A spokesman for Hydrochem said Khoo resigned in December 2018.
The Corrupt Practices Investigation Bureau (CPIB) did not say whether Mr Elumalai is facing any corruption charges.
Three Singaporeans were also charged with corruption in two separate cases yesterday.
Senior marketing manager Song Loo San, 70, is accused of giving bribes totalling US$27,300 (S$38,170) to his business partner Heng Chee Gim to advance the business interests of their respective companies. Song, who was then working with logistics company ATI Freight, had allegedly given the bribes on at least 34 occasions, between January 2016 and October 2018.
Heng, 46, who was then the marine logistics manager with Sasol Chemicals Pacific, was also charged with corruption for accepting the bribes.
CPIB said that businesses should have a level-playing field to advance their interests and engage in honest competition. "Those who resort to corrupt means to get ahead will face the consequences under the law," it said in a statement.

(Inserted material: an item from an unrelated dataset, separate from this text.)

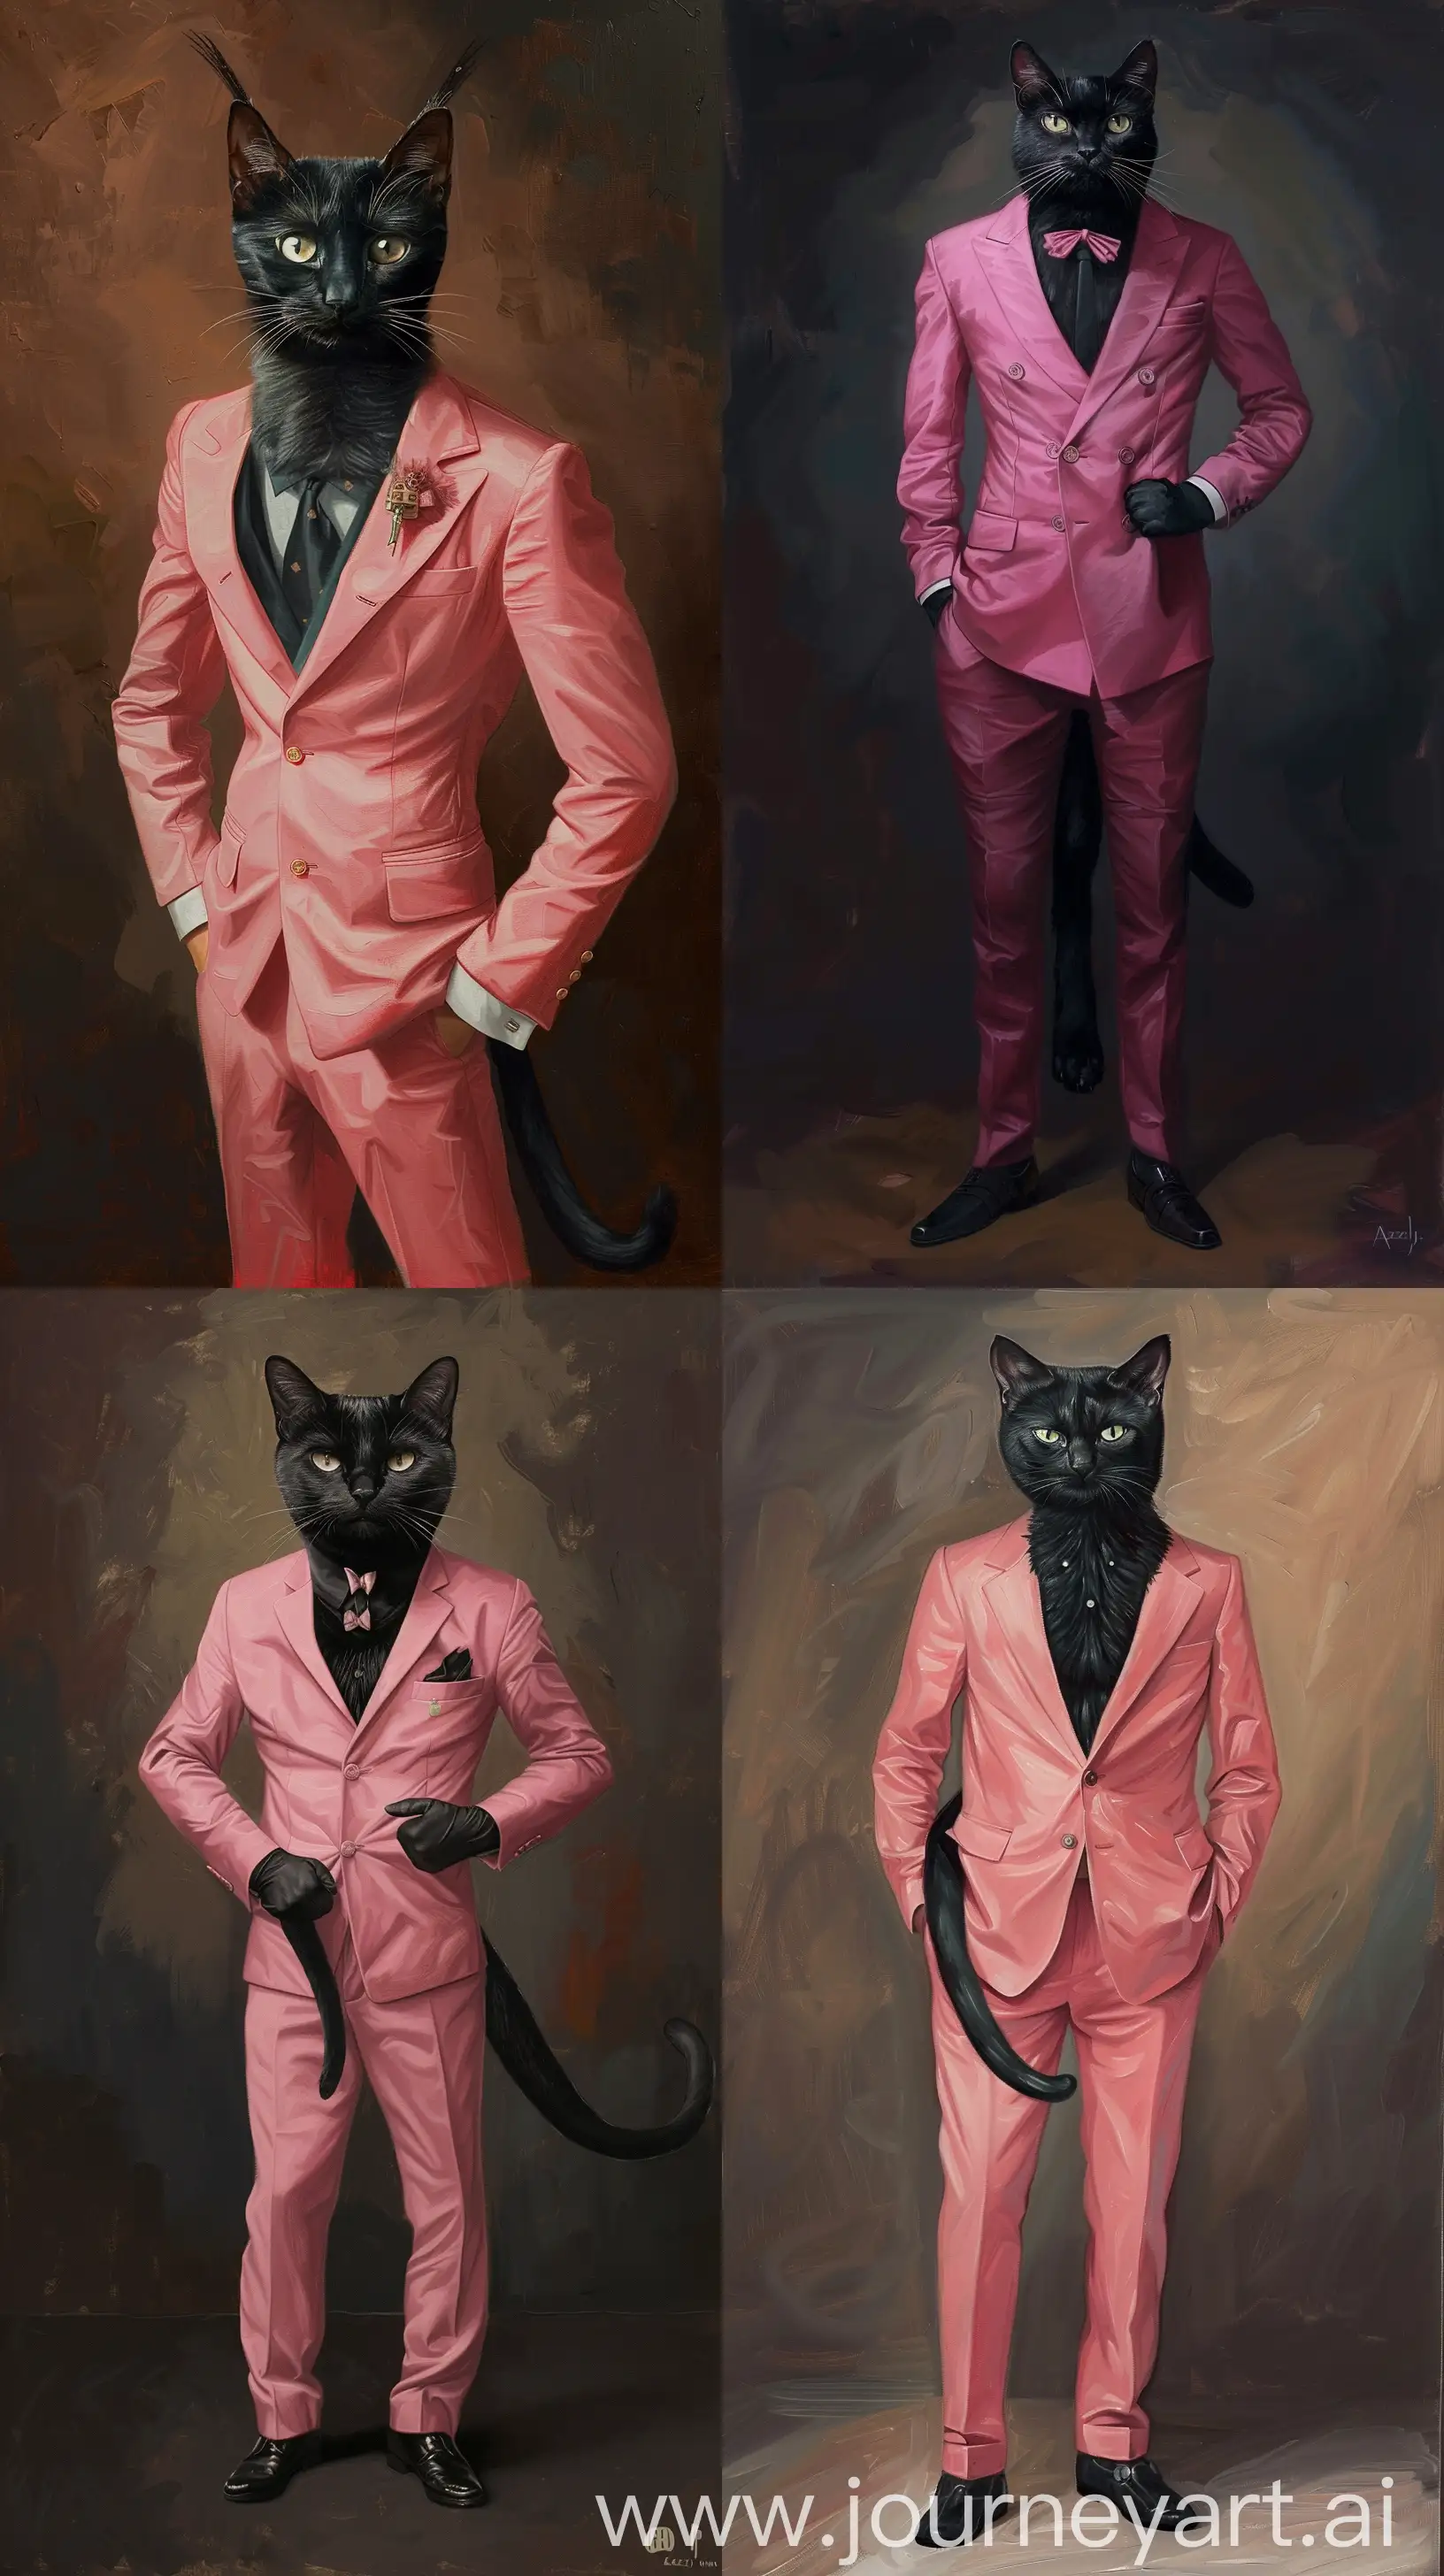 Maximalist-Art-Black-Cat-in-Pink-Suit-Phone-Wallpaper

In a separate case, a halfway house employee was accused of accepting bribes from 12 of its residents, in exchange for being lenient to the recovering addicts or ex-offenders. Roy Evan Rajoo, 59, a former operations staff with Teen Challenge Singapore, was charged yesterday with accepting about $3,000 in loans from the residents between November 2018 and May last year.
Roy Evan also tried to obtain another $350 in loans from another two residents in March and May last year, said court documents.
For each count of corruption, offenders can be jailed for up to five years and fined a maximum of $100,000, or both.